In this study, we investigated the diagnostic performance of multitracer PET/CT techniques, including 13N-NH3, 18F-FDOPA, and 18F-FDG, in distinguishing TuR from TrE in a cohort of patients with suspected recurrent gliomas. 18F-FDG is the most widely used tracer in PET/CT imaging and reflects the glucose metabolism level of tumours, especially malignant tumours. However, 18F-FDG may have some limitations in differentiating intracranial tumours with low metabolic levels from normal brain tissues, inflammation, and benign tumours because it accumulates largely in normal brain tissue, leading to small differences between glioma lesions and normal brain tissue. Therefore, 18F-FDG is not very good for glioma display, especially for low-grade glioma and lesions close to grey matter. This limitation was also confirmed in this study, in which 18F-FDG metabolism was not significantly different between lesions and contralateral grey cortical tissue. The low L/G ratio also limits its role in the differential diagnosis of TuR and TrE, and no significant difference was found in this study.

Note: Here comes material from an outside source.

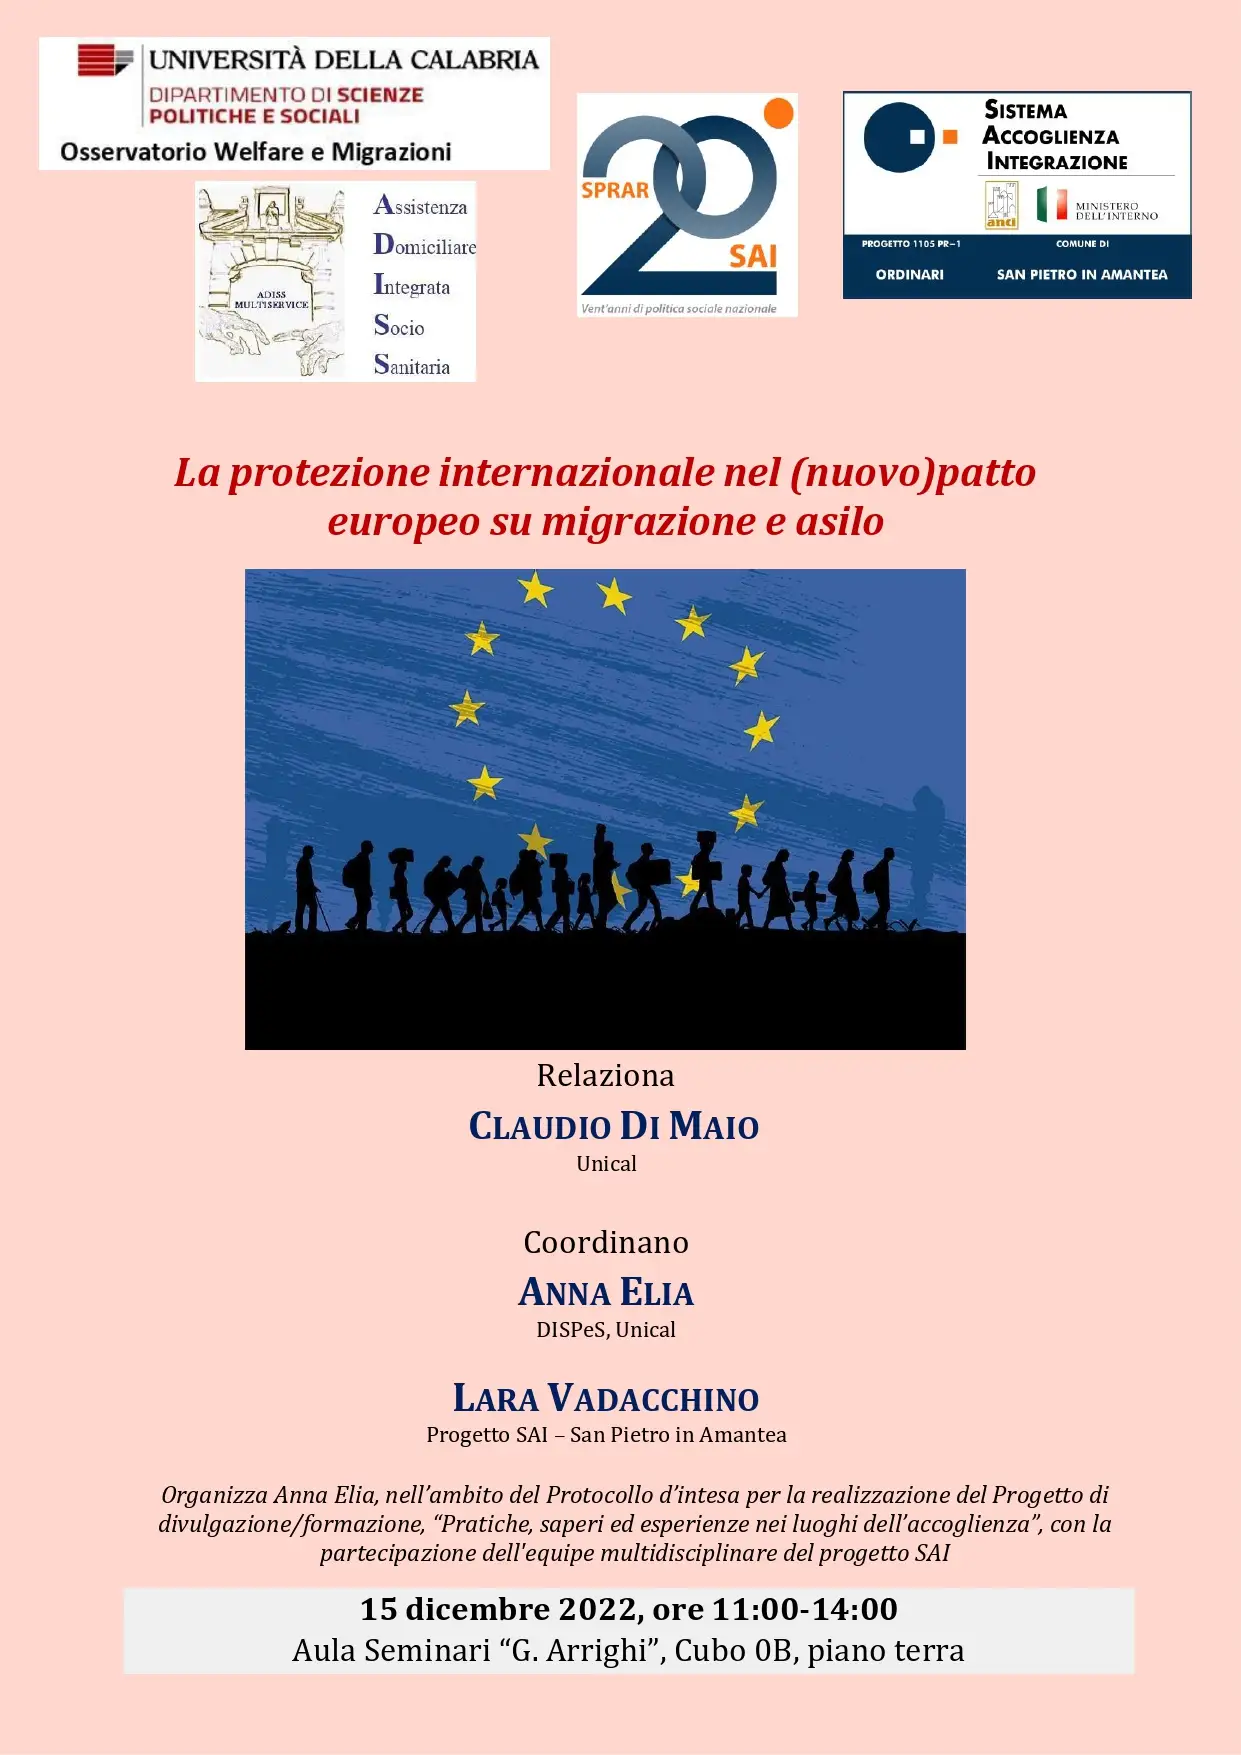 Seminario formativo
“La protezione internazionale nel (nuovo) patto europeo su migrazione e asilo”

13N-NH3 is another PET imaging agent that is low fat-soluble and has a small diameter, allowing it to penetrate the blood-brain barrier (BBB). We have previously reported that the uptake of 13N-NH3 is superior to 18F-FDG not only in enabling differentiation between glioma and non-neoplastic lesions but also in separating low-grade gliomas (LGG) from high-grade gliomas[13, 14]. This difference may be due to the uptake of 13N-NH3 in normal brain tissue being relatively lower than 18F-FDG, whereas the uptake of 13N-NH3 in glioma is significantly increased. Therefore, the L/G ratio of 13N-NH3 PET/CT imaging is higher in tumourous lesions, making it more beneficial to distinguish glioma from some inflammatory or benign tumours. Furthermore, our other study also found that the increased 13N-NH3 uptake in recurrent glioma and the absent or lower uptake in radiation necrosis due to perfusion and glutamine synthetase activity in the recurrent tumour is higher than that in the TrE. In this study, we also found that 13N-NH3 is a promising tracer for separating TuR from TrE. In addition, SUVmax, SUVmean, and L/G ratio all showed good performance for this purpose, and their role seemed superior to 18F-FDG.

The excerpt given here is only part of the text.